Она ударилась затылком, запахло туалетным уксусом, и почувствовалось кислое внизу в щеках, где сходятся челюсти. Это умер дедушка -- таинственный человек, который мог приказывать матери в далеком чужом мире, где она была девушкой, который существовал только на старой фотографии с некрасивой седой бородой, с опущенным на глаз левым веком и в широком сюртуке, каких теперь не носят.

Мать не вставала до вечера; весь день был кривой, сломанный, кислый... Тонкий синий конверт с надорванной узкой полосой бумаги, слегка свернувшейся кольцом, лежал на полу у пустого стула несколько часов. Оля деловито подобрала его и спрятала. Женщины всегда чувствуют себя ближе к мертвецам, чем мужчины.

Через неделю приехала тетя Катя -- младшая сестра матери. Это была красивая, рослая, сильная девушка. Двенадцать лет назад в том же чужом городе жила мать. Теперь, когда дедушка умер, тетя Катя осталась одна... Впервые с ее приездом я стал думать о том, что мать не всегда была взрослой. Как у меня теперь, так у нее прежде, очень давно, было свое детство. Потому она меня и не любит: я украл ее детство, мы дети, вырвали ее оттуда, заставили носить длинные, скучные, темные платья, отобрали все радости, все игрушки, оторвали от дедушки -- ее отца, не давали бегать и смеяться -- она всегда должна только ходить, делать при посторонних театральные жесты, быть бедной, работать. Да, за это она не любит нас... молчит, но я теперь понимаю.

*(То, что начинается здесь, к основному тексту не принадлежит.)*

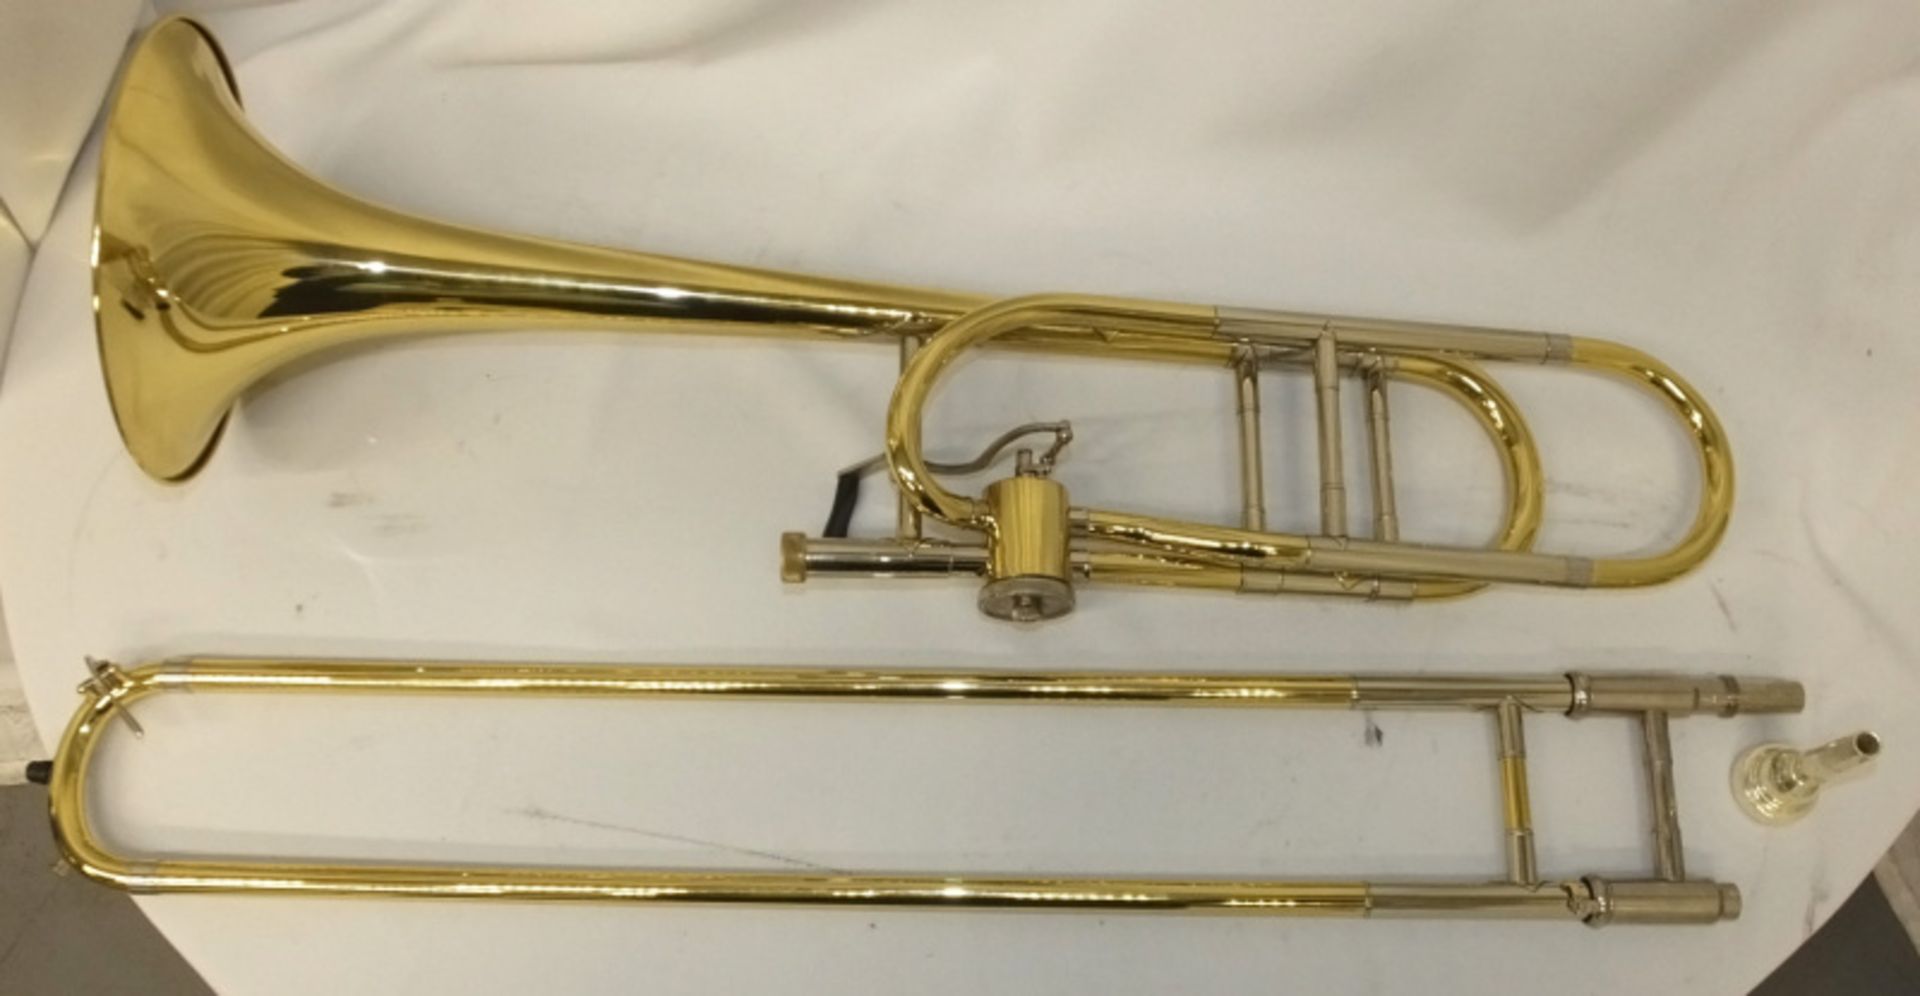 Gear 4 Music Trombone in case - Please check photos carefully - Image 2 of 11

Далеко, в чужом городе, за полями, за пятью черными лесами без дорог и еще дальше, среди иной мебели и иных обоев лежит ее прошлая жизнь; мать уже не может в нее вернуться, как бы ни хотела. Даже если мы, дети, все ночью угорим и умрем -- все равно это непоправимо. В выдвижном ящике швейного стола вместе с нитками, пуговицами и обрезками материи; лежит небольшая тетрадка в темно-зеленом кожаном переплете. Первые восемь страниц оторваны, но, чтобы не выпали другие, у сгиба оставлены узкие, длинные корешки. На вырванных страницах были стихи. Кое-где еще видны обрывки начальных букв, тщательно выписанных; я угадываю "Т" в первой строчке и "Б" -- в третьей и думаю, что это был акростих:

Так и быть, сказать не ложно,

Если хочешь знать кого,

Без любви жить невозможно,

Я люблю -- узнай кого.

Далее на первой целой странице почерком мамы написано:

Рубашек.......... 8

"   малых... 5

Чулок............. 7

Надпись "Poesie", выбитая наискось по диагонали, вероятно, прежде была напечатана золотом. Теперь позолоты не видно, каждая буква слегка блестит на матовом фоне переплета: это мы густо обвели карандашом углубление букв.

Эта книжечка в швейном столе, да большой запертый ящик на чердаке, куда на лето прятали меховые вещи, густо посыпанные нафталином, были единственными живыми свидетелями того давно умершего чужого мира, который за полями и черными лесами существовал до меня.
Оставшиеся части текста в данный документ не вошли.